Live bacterial ligands universally regulate mTOR activity but are not essential for homeostatic innate immunity

Abstract Multiple studies have reported significant impact of gut microbiota on hematopoiesis, including granulocyte development and functional defects. Germ-Free (GF) mice show developmental defects due to lack of live bacteria; underscored by the development of Altered Schaedler Flora (ASF), a community of 8 bacterial species sufficient to rescue developmental immune and gastrointestinal defects. Mimicking gnotobiosis by using antibiotics perturbs the microbiome systemically. Therefore, results from such studies may represent sequelae of the drug perturbation rather than simply modifying microbiota. We studied the impact of gut microbiota signals on murine hematopoiesis without antibiotics or fecal transfer. Namely, by using mice (from Taconic) generated by embryonic transfer of C57/Bl6 fertilized eggs into females with controlled microbiota, totaling 4 groups of mice: 1. GF; 2. ASF (no Gammaproteobacteria); 3. Excluded Flora (EF, includes Gammaproteobacteria); 4. WildR 7(wild mouse microbiome). We found no significant differences in either number or effector function of bone-marrow neutrophil granulocytes, myeloid progenitors, or stem cells.

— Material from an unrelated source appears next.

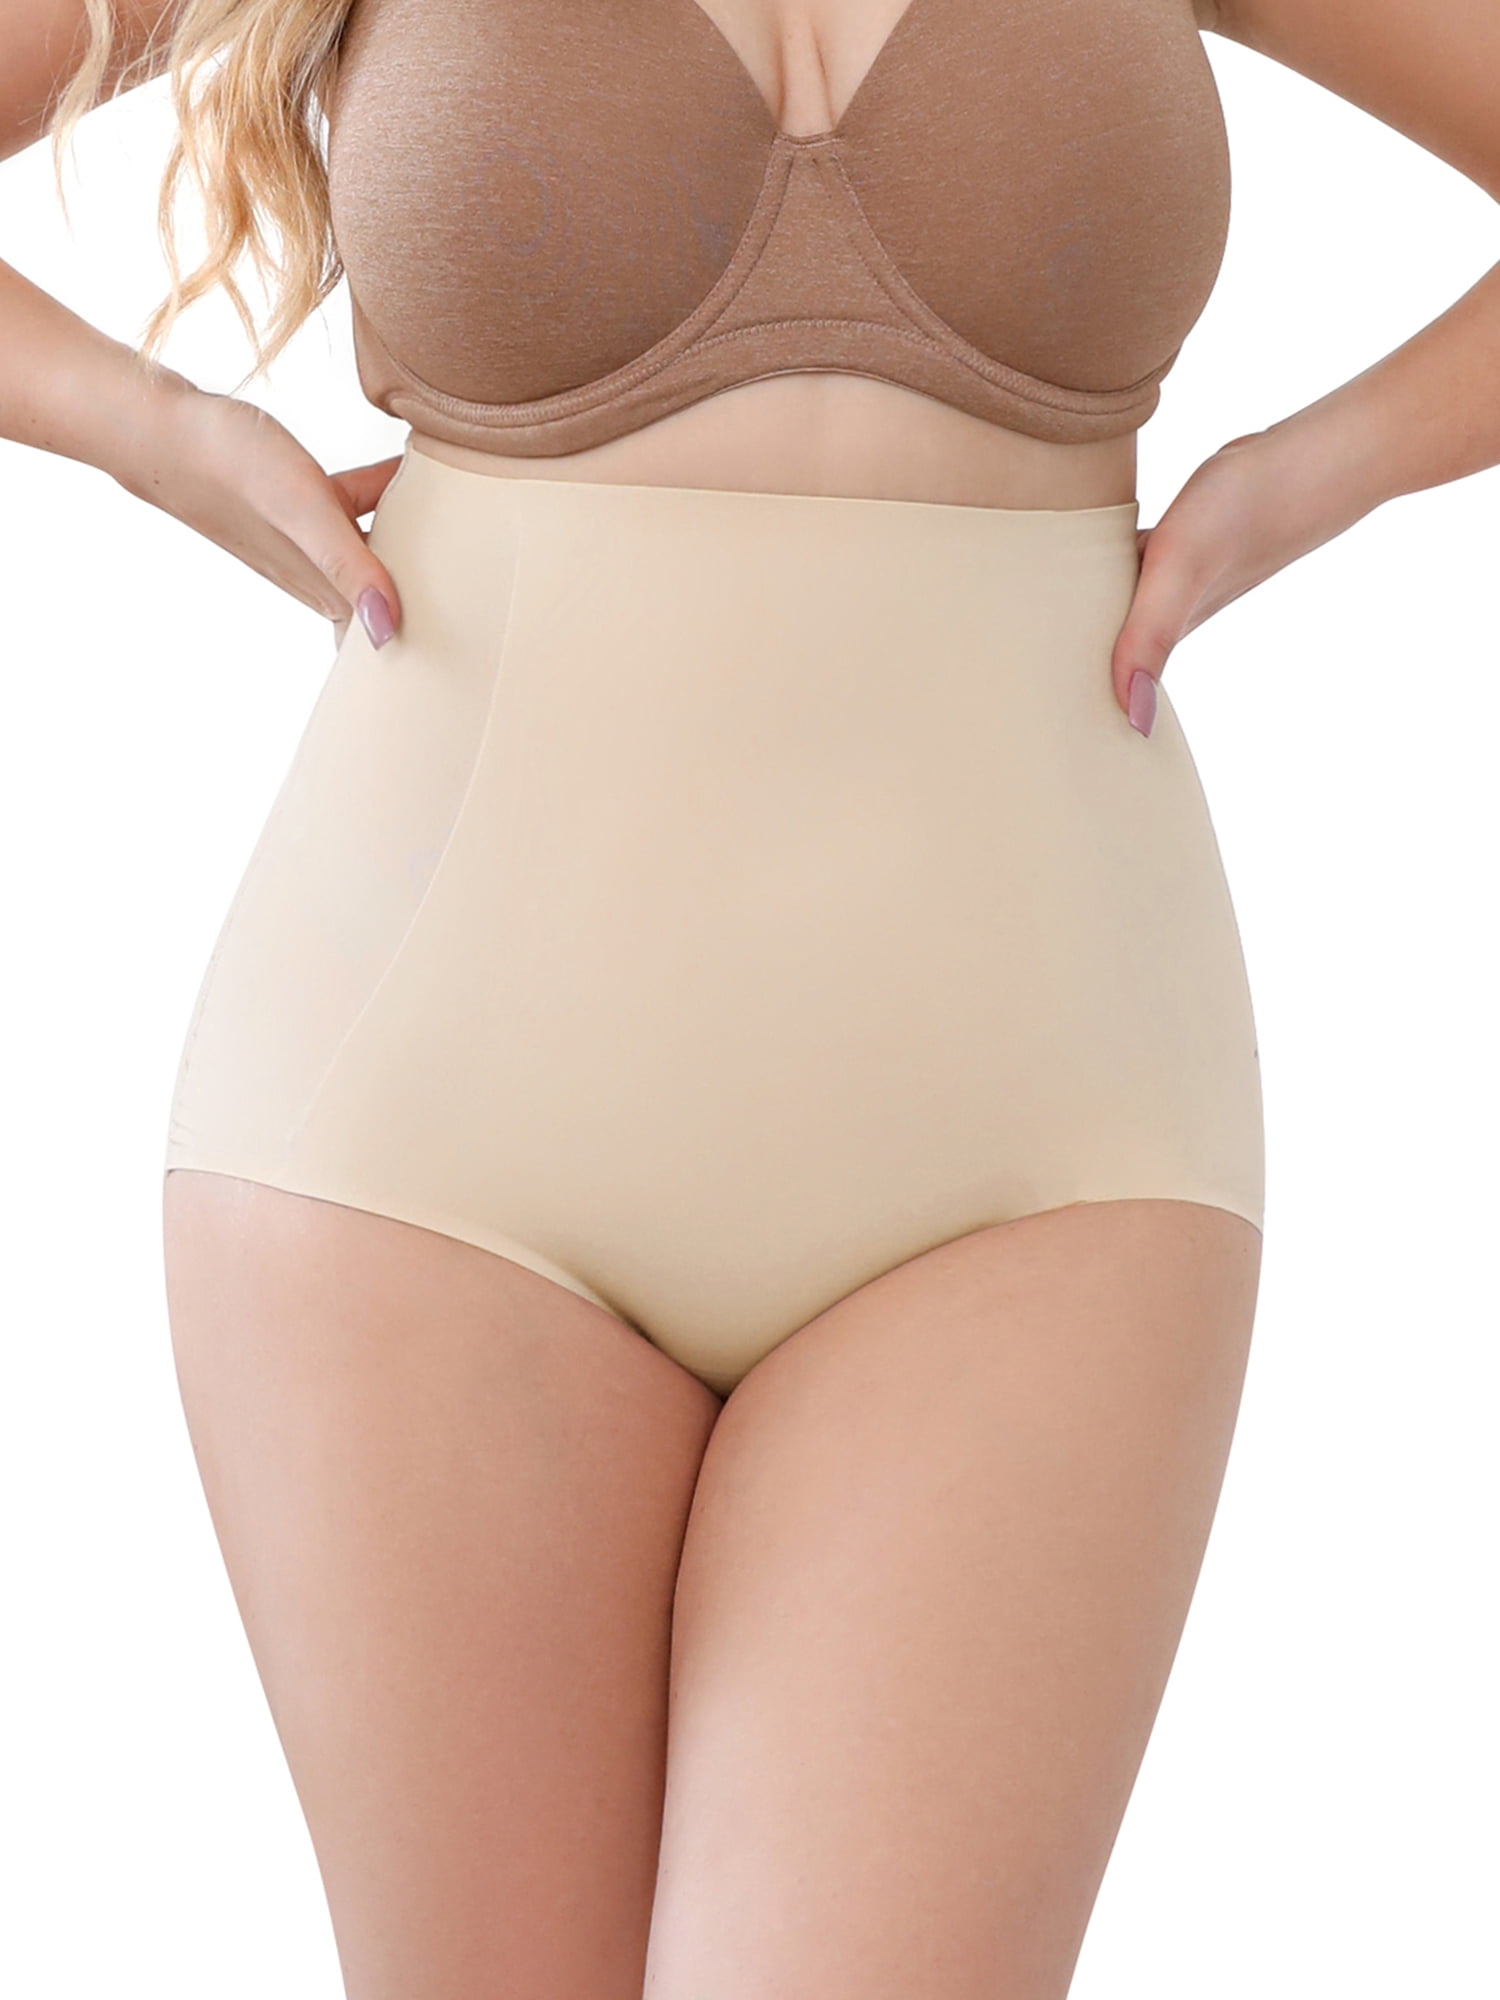 DODOING Women's Butt Lifting Panties High-Waist Seamless Body Shaper Briefs Firm  Tummy Control Slimming Shapewear Panties Girdle Underwear

The single-cell genomic landscape of CD117+ bone-marrow progenitors confirmed flow analyses but revealed a profound defect in gnotobiotic hematopoietic signatures. Importantly, standard pathogen free C57/BL6 mice were inappropriate controls. While gnotobiotic mice likely receive inert TLR stimulation via bedding and food, the addition of any group of live bacteria was sufficient to rescue gene expression downstream of mTOR signaling. Such robust signatures could be considered so essential to life that they do not depend on any single bacterial clade. This project is supported by NIH R01HL122661.